Q. When it comes to school safety, the focus tends to be on school resource officers and building security measures. But counselors and mental health professionals can make schools safer too. How do they impact school safety?

A. 
We are very proactive and can help staff be proactive as well. We help staff look for red flags – behaviors, things students might draw, write or search for on Chromebooks, for example. Usually, counselors do an annual training on that topic. Most school counselors help staff, telling them to let the counselor know when they see red flags so they can all work together to make sure that student is safe.

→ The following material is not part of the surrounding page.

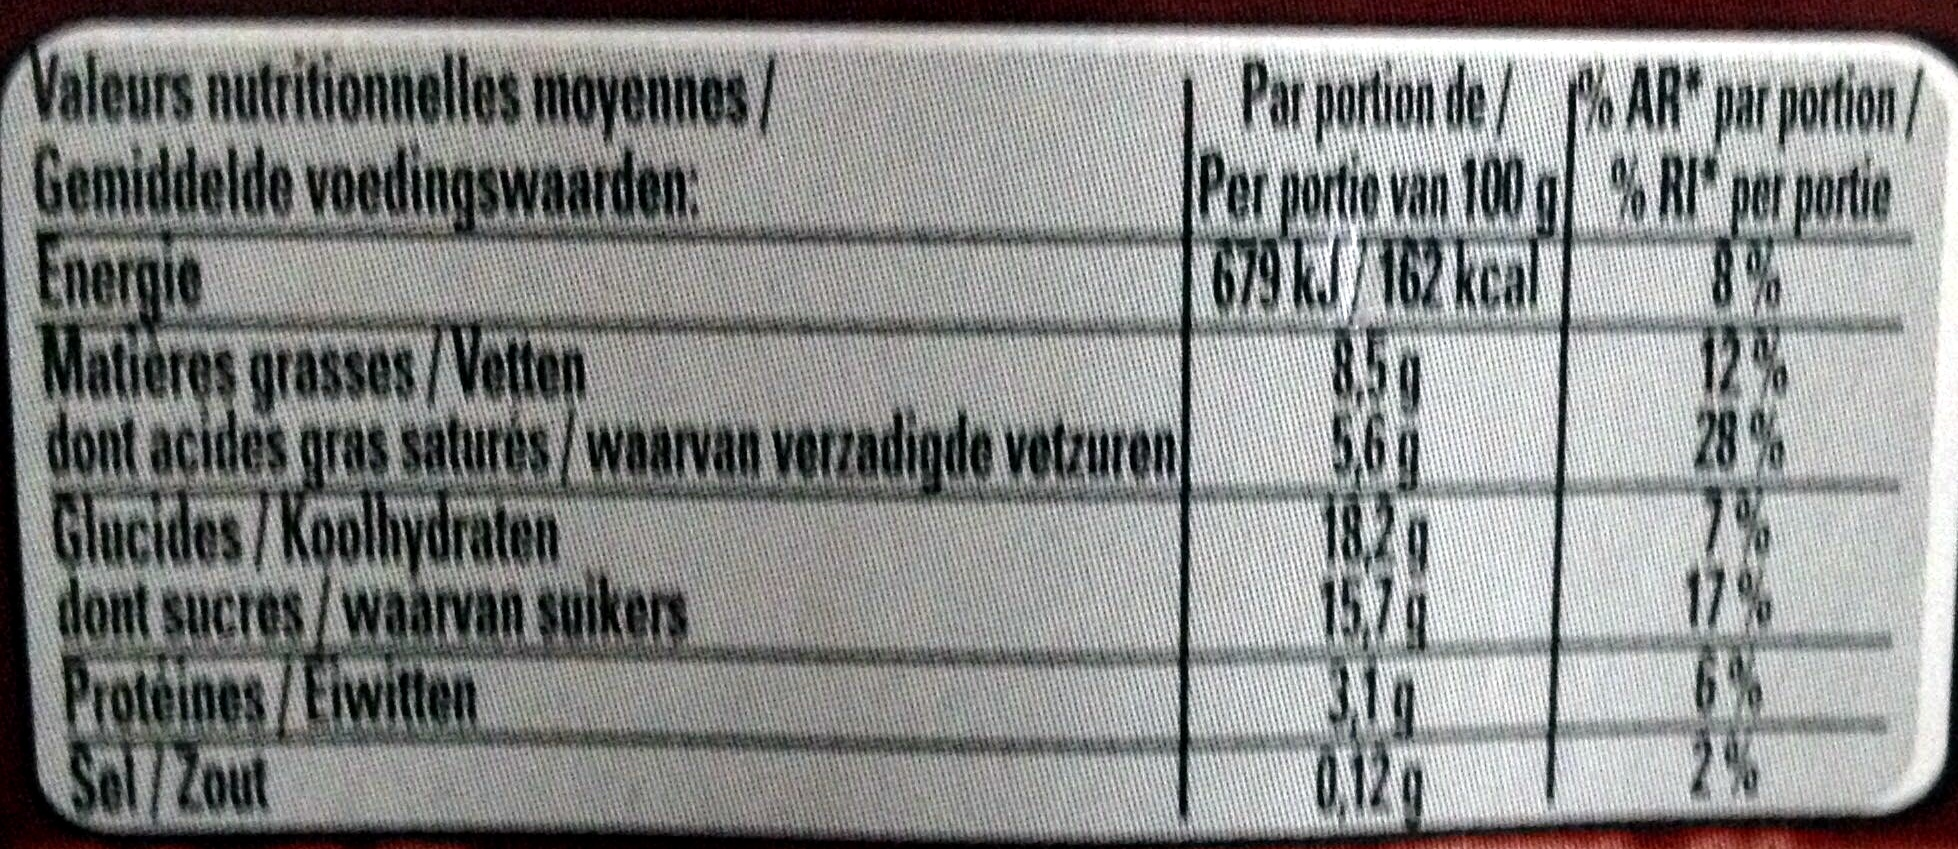 Le Viennois Chocolat (Offre Eco) - Nutrition facts

Q. What’s the biggest challenge and concern you’re hearing from school counselors across the state?

A. 
Taking care of our educators and administrators and our kids. They are all struggling. A lot more students are in crisis. They’ve experienced trauma, because of COVID, the tornadoes, the floods. Our counselors are experts and know how we truly help those students and educators function and understand those feelings and thoughts and how we can build resilience and help each other be in those collaborative relationships together.

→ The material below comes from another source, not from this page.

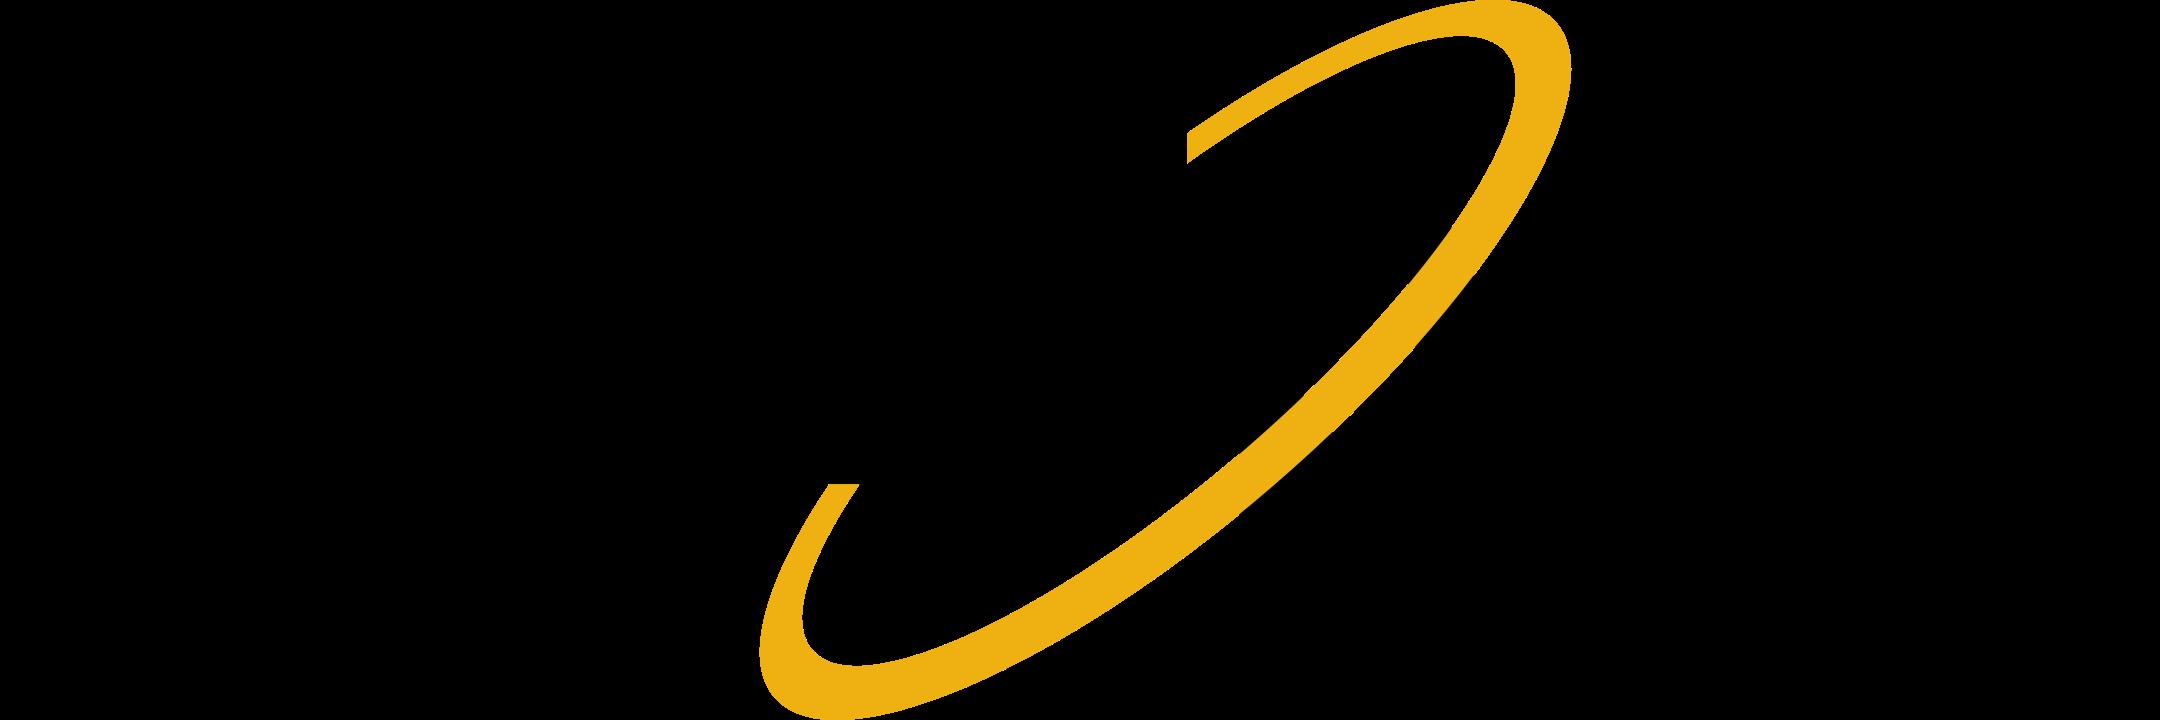 whirlpool logo 1 - Whirlpool Logo

Q. Social emotional learning (SEL) has come under attack from some groups. So could you explain why SEL is important in schools today?

A.
Social emotional learning is how we act, how we behave, our emotions, problem solving, goal setting skills that students and even adults struggle with. Self-awareness is knowing who you are, what you are good at. And self-management is about how to cope with stresses to get through the school day, to take this test, to get through a workday. Part of self-management is goal setting. Do kids have hope, what do they want do outside of high school and postsecondary, based on their skills, strengths and talents? Do they have social awareness and know what a healthy relationship is? Do they know how to argue respectfully? What is conflict resolution, how do you handle conflict? What character traits do you bring to different relationships and do kids understand their purpose? All these skills help students build resilience throughout life. Research shows the value of SEL. More kids will graduate high school, have jobs longer, flourish and have fewer at risk behaviors because they understand where they fit in and how to deal with things when life gets hard. Social emotional learning is so much more than soft skills. It is in everything we do as adults that some kids struggle with. Whenever I do SEL trainings about it, one things I show is that if you Google “employability skills,” 95% of them are based on SEL skills.

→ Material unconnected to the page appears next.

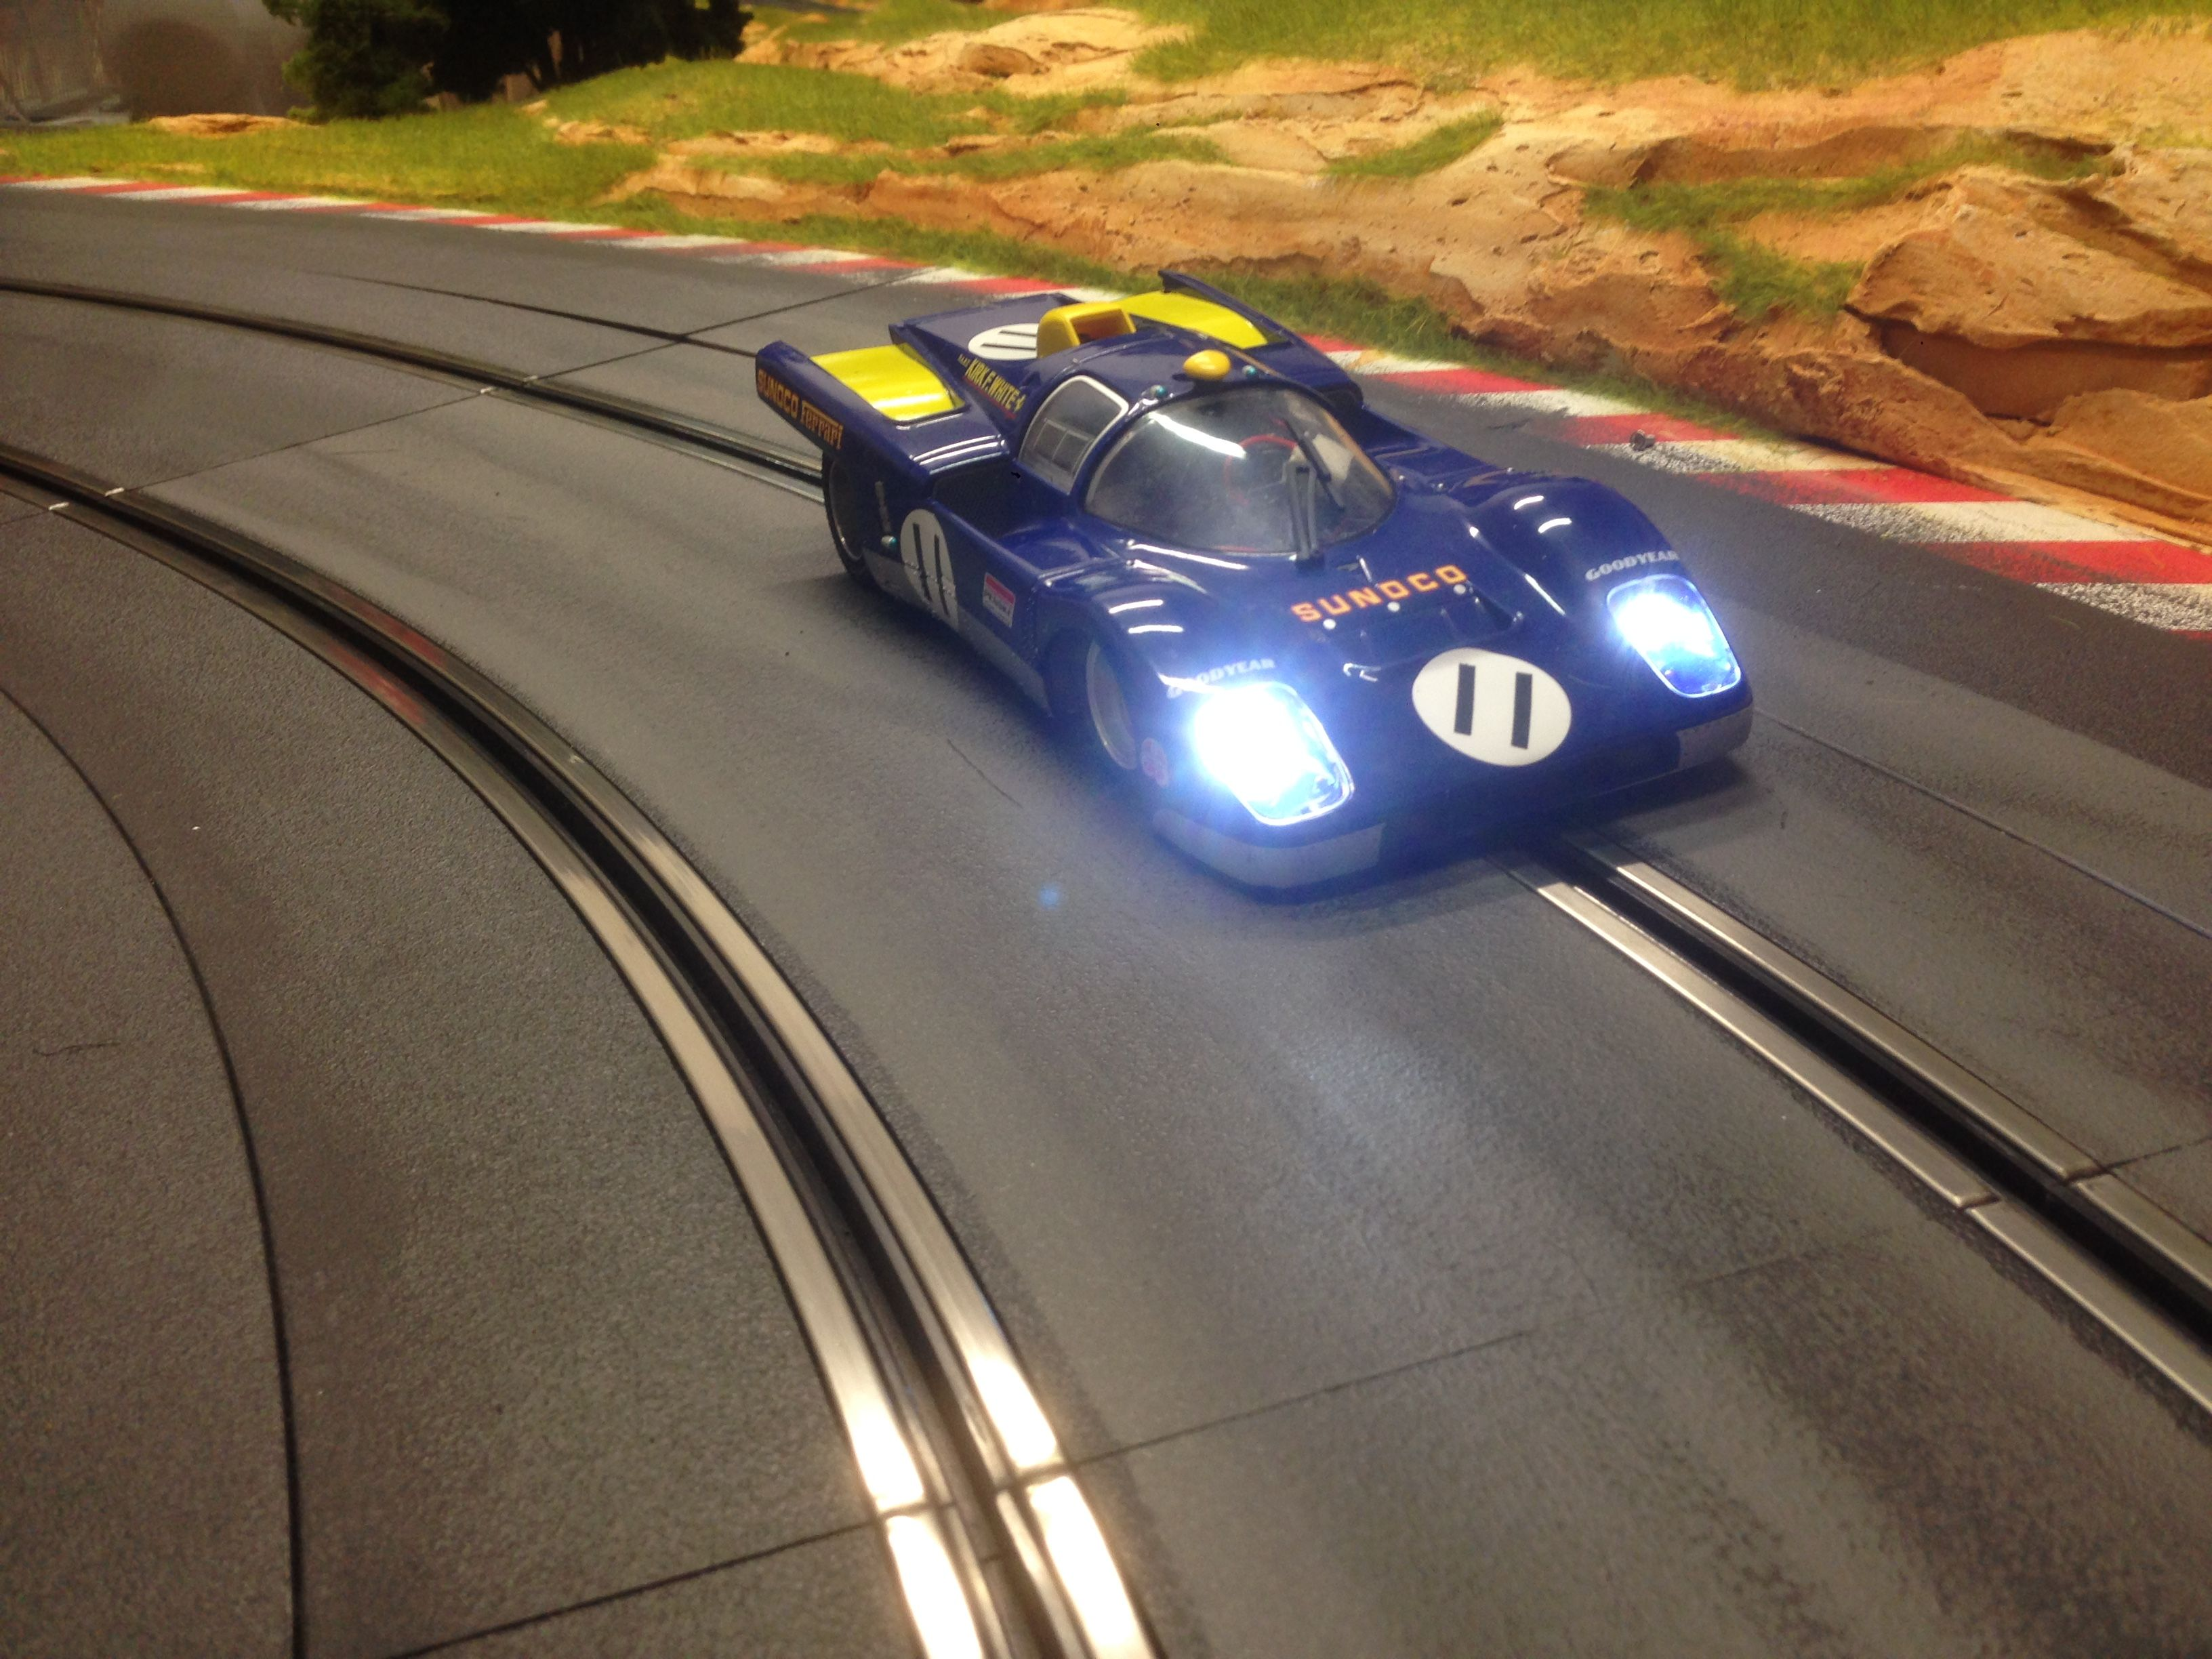 MOLETTARING SLOT TRACK FERRARI 512M SUNOCO / BRM MODEL CARS Team Penske at Le Mans

Q. How can school board members support a strong school counseling program in their districts?

A.
The first thing would be to look at what their school counselors are doing. Are they being called school counselors? The name is a big difference. From there, they should look at what the district is asking the counselors to do and how many there are. Is the district getting close to the recommended ratio? If not, have other school-based mental health professionals been hired? The message and advocacy coming from the school board is going to make a huge difference. Having the board ask, “What does our legislation say for the use of a counselor’s time and is that being followed?” And remembering that within the Kentucky Framework, there is a school counselor job description to use. Every bit of research tells us behavior issues, mental health, stress levels, anxiety, depression are increasing in our kids. Who better to help those students than our school counselors? And are we giving them time to help those kids and giving our kids access to them. If we’re just doing what we’ve always done, that’s not going to help our kids right now.